As for all plant protection products and active substances, the registration process for Microbial Biological Control Agents (MBCAs) in EU includes two main aspects; scientific data and assessment as well as regulatory requirements to be observed. For many decades, for MBCAs both aspects were repeatedly and deeply criticised by nearly all stakeholders involved – industry, science, politics and certain authorities. Subjects of discussion were manyfold, often also due to opposing interests as, for example, low registration costs and timelines versus comprehensive registration dossiers using the precautionary principle on a strain-specific basis. Both scientific and regulatory aspects limited the commercialisation and market extension for MBCAs.
Regarding scientific data requirements and risk assessments for MBCAs, omissions and inadequacies as well as the neglect of the specifics of biological pest control methods became obvious in 2001 by Directive 2001/36 on the data requirements for A.S. and PPPs. These data requirements were purely designed for the evaluation and registration of chemical pesticides. ″New″ data requirements for microorganisms set out in Regulations 283/2013 and 284/2013 in 2013 did not change the situation for MBCAs since they were simply copied from the chemical pesticide requirements without adaption to MBCAs. The situation for MBCAs did not significantly change after the introduction of the low-risk pesticide category by Regulation 1107/2009 although it was assumed that this would ease MBCA registrations and foster commercialisation of MBCAs. Whereas for other, non-microbial biopesticides the publication of applicable low risk criteria in Regulation 2017/1432 in 2017, nearly a decade after introduction of the low-risk category, was a huge improvement, for MBCAs the criteria established were still incomplete and final criteria are currently still under development.

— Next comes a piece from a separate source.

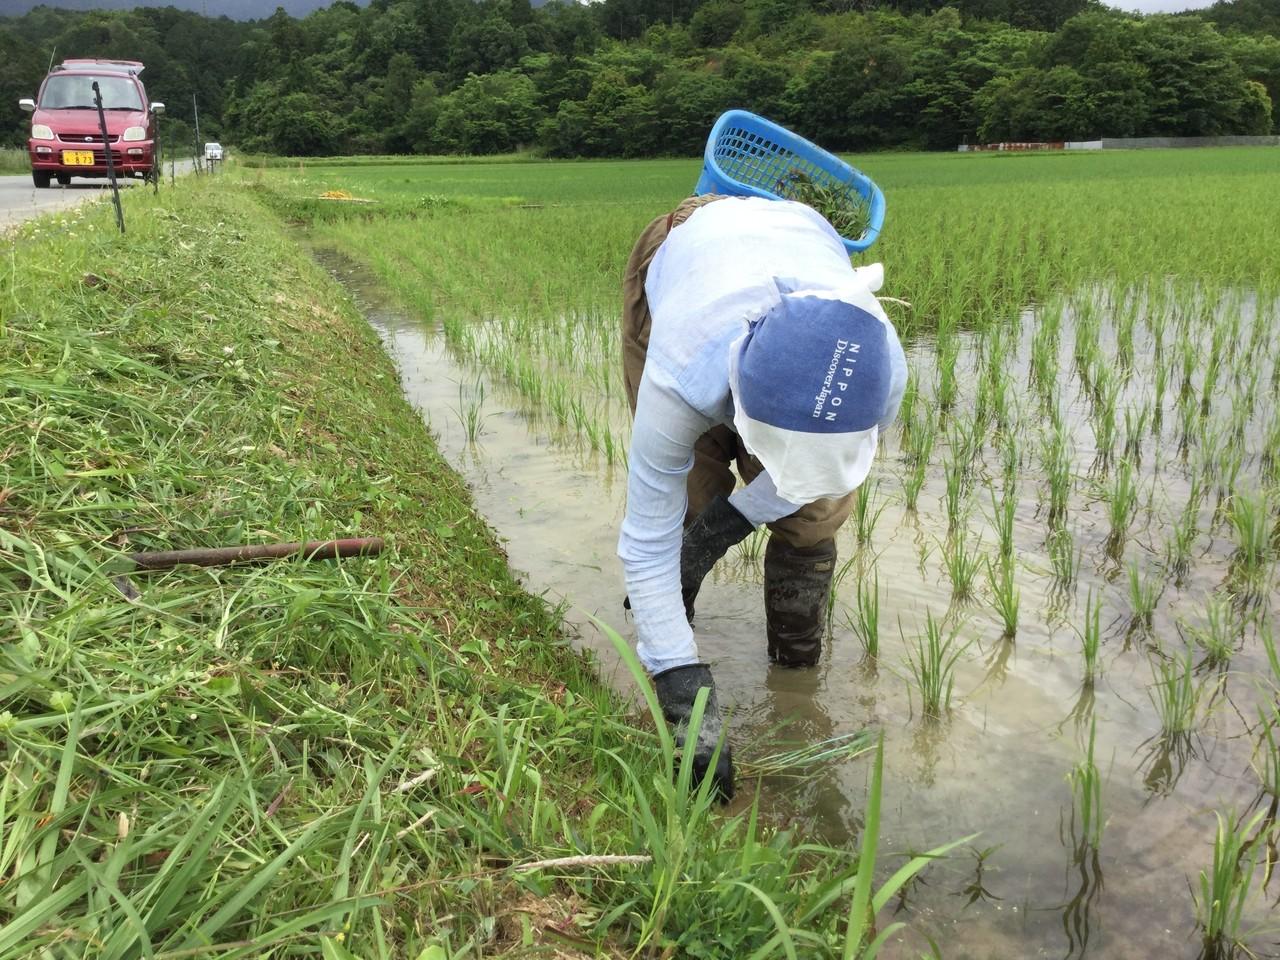 これは米子がう植わってる田んぼではありませんが、このように畦から伸びてくる草を刈る必要があります。そのままにしておくと、畔から田んぼの中に入り込み、さらに田んぼの中で広がります。畔際の植物と言うのは、水陸両用のものが多いため簡単に畔でも繁殖できます。

One of the most criticised topics in the scientific evaluation of MBCAs in the last decades was the erroneous definition/use of secondary and relevant metabolites, i.e., the definitions applicable for chemicals were used also for microbial metabolites (e.g., Scheepmaker et al. 2019). Beside the specific issue, the overall discussions have shown the urgent need for more specific, scientific-based data requirements for MBCAs. Regulation 283/2013 on the data requirements for active substances for example stated that ″such information shall not be required, where […] it is not necessary owing to the nature of the product or its proposed uses, or it is not scientifically necessary, or it is technically not possible to supply. In such a case a justification shall be provided″. However, the daily registration work has shown again and again that a strict scientific approach was seldom accepted, instead the regulatory box-ticking approach is used in the scientific evaluation of MBCAs, and regulatory requirements are often placed above scientific argumentation. Köhl et al. (2019), for example, have stated that for the environmental fate assessment, for many microorganisms ″the precautionary principle of the risk assessment can be fulfilled by referring to the general microbiological principles of population dynamics in competitive environments″. Instead, often strain-specific but conditionally informative information was used. The authors further concluded that ″precautionary principles and avoiding any theoretical risk predominates the procedures for MBCAs leading to unnecessary and costly data collection. Switching to ‘principles of evidence-based acceptable risks’ instead, would allow more restricted data requirements which may have to be adapted whenever new knowledge and technology becomes available or new safety questions are raised″.
To handle these past problems ″and to better reflect the latest scientific developments and the specificities of micro-organisms, while maintaining a high level of protection of human and animal health and of the environment″, the specific criteria for the approval (Regulation 1107/2009), uniform principles (Regulation 546/2011) and data requirements (Regulations 283/2013 and 284/2013) for MBCAs are currently being revised and presumably applicable from Q4 2022 onwards.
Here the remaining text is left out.